Это подчинение языка зафиксированным формам, это затягивание его в узкий корсет грамматики грозит литературному языку очень серьезными опасностями. Французский критик Реми де Гурмон говорит: «учась в школьных тюрьмах тому, чему когда-то гораздо лучше учила детей сама жизнь, они, из страха перед грамматикой, теряют ту свободу ума, которая так важна в эволюции слова. Они говорят, как книга, как плохие книги, и, когда им нужно сказать что-нибудь серьезное, они прибегают к фразеологии этой низменной моральной и утилитарной литературы, которою мы пачкаем их нежные и впечатлительные мозги. Народ в этом отношении не отличается от ребенка; но, более смелый и предприимчивый, он создает свой, простонародный язык, – арго, – и в нем он дает волю своей потребности в новых словах, в живописных оборотах, в синтаксических новшествах. Обязательное обучение в низших классах Парижа сделало из французского языка мертвый язык, – парадный язык, которым народ никогда не говорит, и который он скоро перестанет понимать: он любит свой арго, которому научился один, на свободе, и ненавидит французский, который все больше становится для него языком его господ и угнетателей».

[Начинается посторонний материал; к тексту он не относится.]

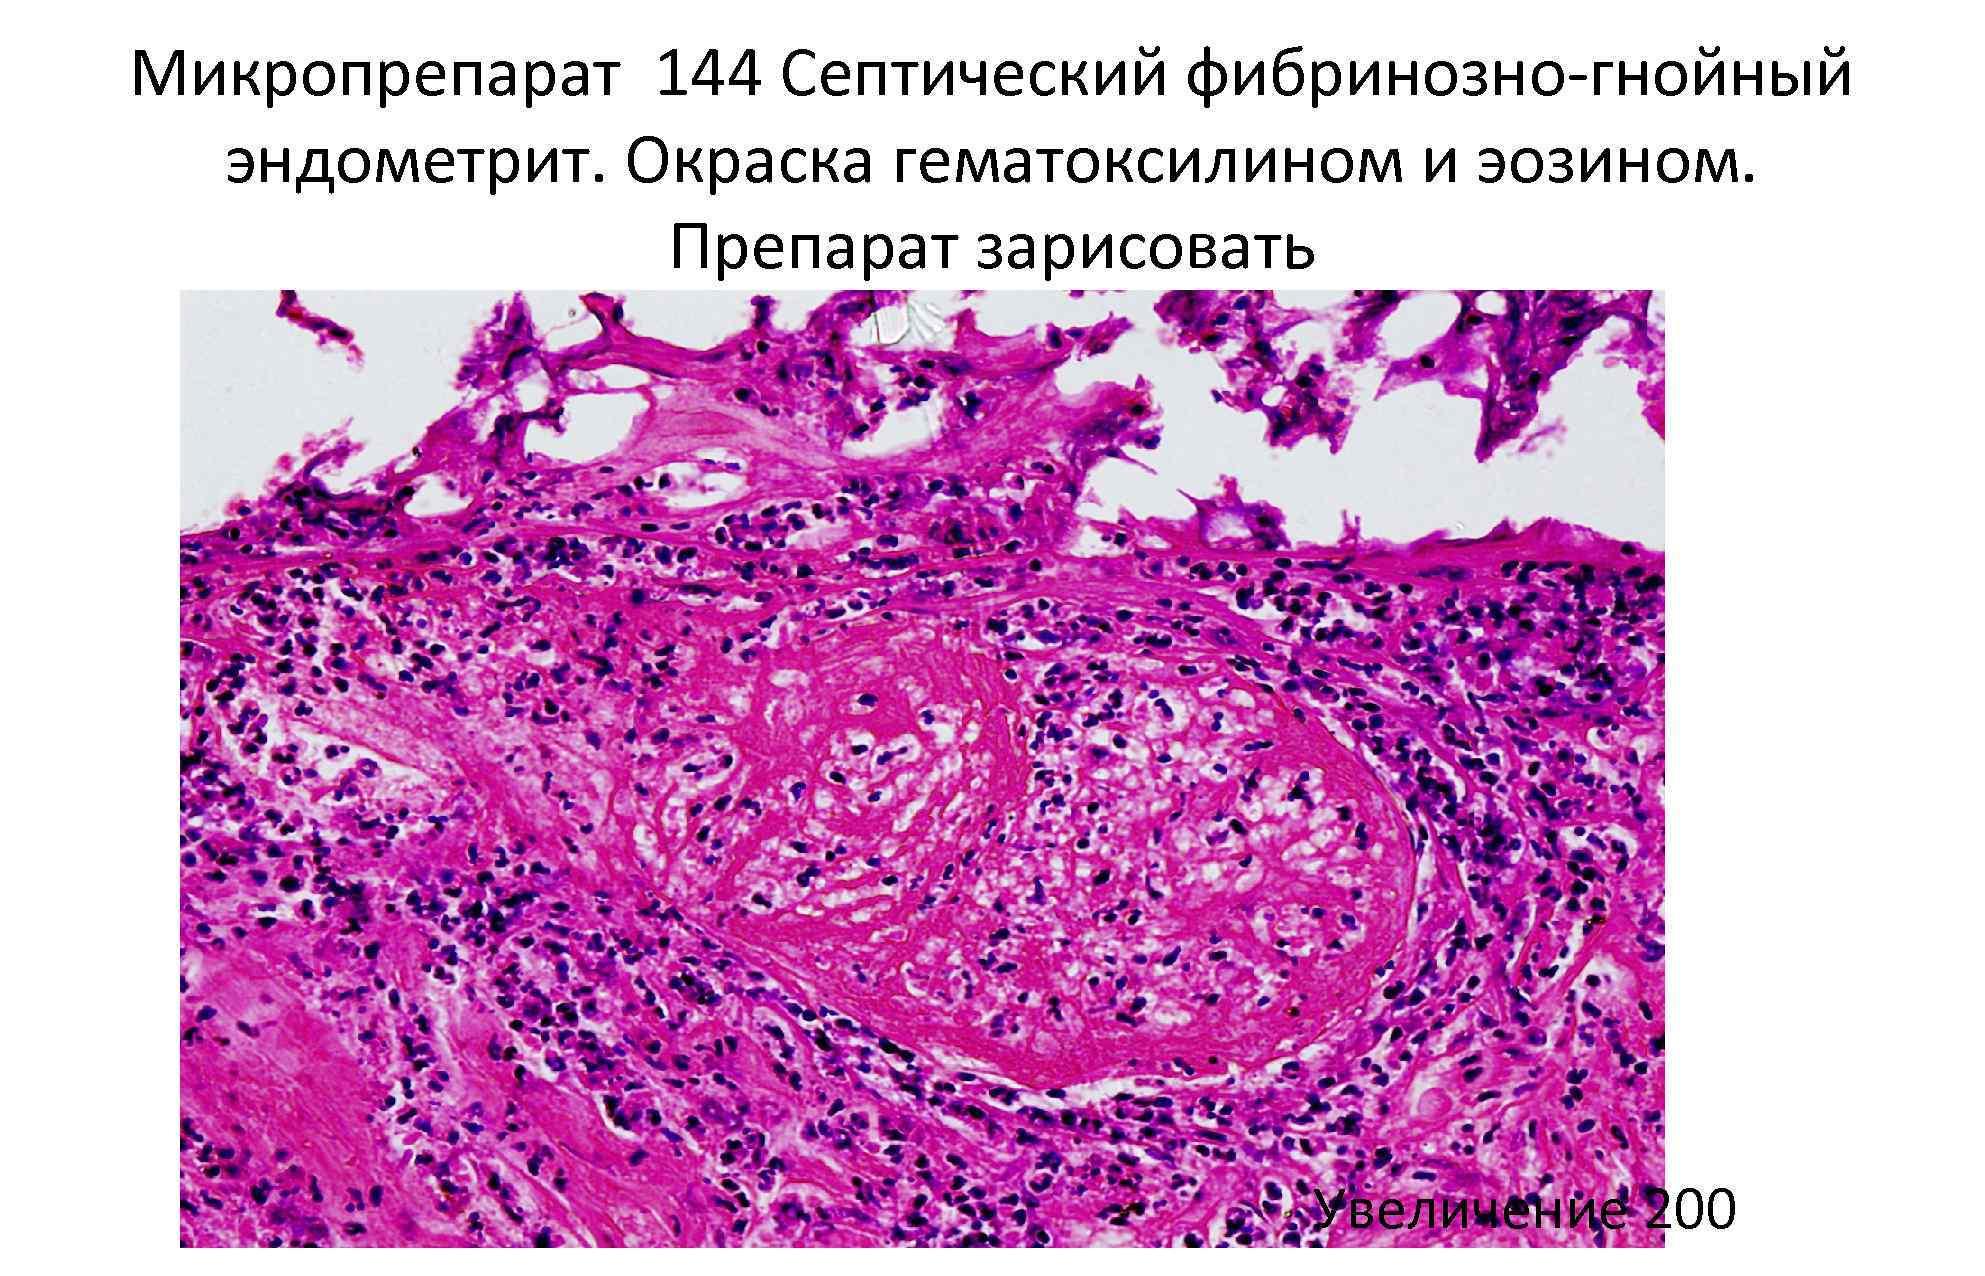 Микропрепарат 144 Септический фибринозно-гнойный эндометрит. Окраска гематоксилином и эозином. Препарат зарисовать Увеличение 200

Как всякому писателю, мне часто приходится иметь дело с начинающими писателями, и в частности – с писателями «из народа». Приходит такой, протягивает, конфузясь, коряво написанную тетрадку и предупреждает: «вы уж только извините, – я человек безграмотный, писать не умею». Читаешь, – да, плохо! Тусклый, робкий язык, неумело и неуклюже подделывающийся под язык литературный. А разговоришься с ним, втянешь в разговор, заставишь его рассказать что-нибудь из пережитого, – и какой у него является яркий, сочный, свой собственный язык! Записать бы рассказ стенографу, – и готов великолепный рассказ. Прочтите повесть И.С. Шмелева «Человек из ресторана». Рассказ ведется от лица ресторанного официанта и написан языком, каким говорят официанты. И этот язык, – странный и грамматически совершенно неправильный, – как он ярок, точен, своеобразен, как потрясает в нужных местах! Художник сумел схватить подлинный характер речи ресторанного лакея. А возьмись писать свои записки сам лакей, – он и подумать не посмел бы писать их своим собственным языком, а стал бы неумело и витиевато подлаживаться под книжки, которые ему довелось прочесть. И получилась бы одна скука. Читаешь современную пролетарскую поэзию, – как сильно чувствуется в ней Верхарн, Уолт Уитмен, Бальмонт, Андрей Белый. Почему эта поэзия говорит чуждым языком далеких бельгийских и американских поэтов, вычурным языком русских модернистов? Почему не пытаются говорить поэты своим собственным языком, – энергичным и простым языком, каким говорят и выражают свои чувства русские рабочие, – живые русские рабочие нынешнего времени?
IV
Многому приходится учиться художнику. Приходится ему учиться говорить собственным языком, – приходится также усердно учиться смотреть собственными глазами, слушать собственными ушами. Как это ни странно, но часто требуются долгие усилия целых поколений, чтоб дать себе отчет в том, как мы что-нибудь в действительности видим. На картинах итальянских художников кватроченто мы часто встречаем изображение какого-нибудь святого или святой, сидящих у открытого окна. В окно виден далекий пейзаж, – горы, деревья на горах, домики. И что-то в этом пейзаже есть странное, наивно-неверное, в чем вы себе сначала даже не можете дать отчета. И вдруг вы улавливаете причину: на этих далеких, за версту от зрителя, деревьях тщательнейшим образом выписан каждый сучек, каждый листочек, птичка, сидящая на дереве, на окнах домиков и церквей нарисованы все перекладинки на рамах. Но ведь в действительности человек не в состоянии видеть всего этого издали. А художники того времени этого не замечали, не замечали и дымки, окутывающей далекие предметы. И воображали, что пишут так, как видят. Посмотрите вообще на картины, изображающие быстро движущиеся предметы, – скачущую в карьер лошадь, рукопашную схватку, мчащийся поезд. Вы чувствуете, что художники и до сих пор не сумели по-настоящему увидеть движения, поймать его характерные особенности. Придет большой художник, увидит это, покажет, – и тогда нам так же будет смешно смотреть на современные изображения скачущих лошадей и боевых схваток, как смешно смотреть на тщательно выписанные детали далеких предметов на картинах старых мастеров.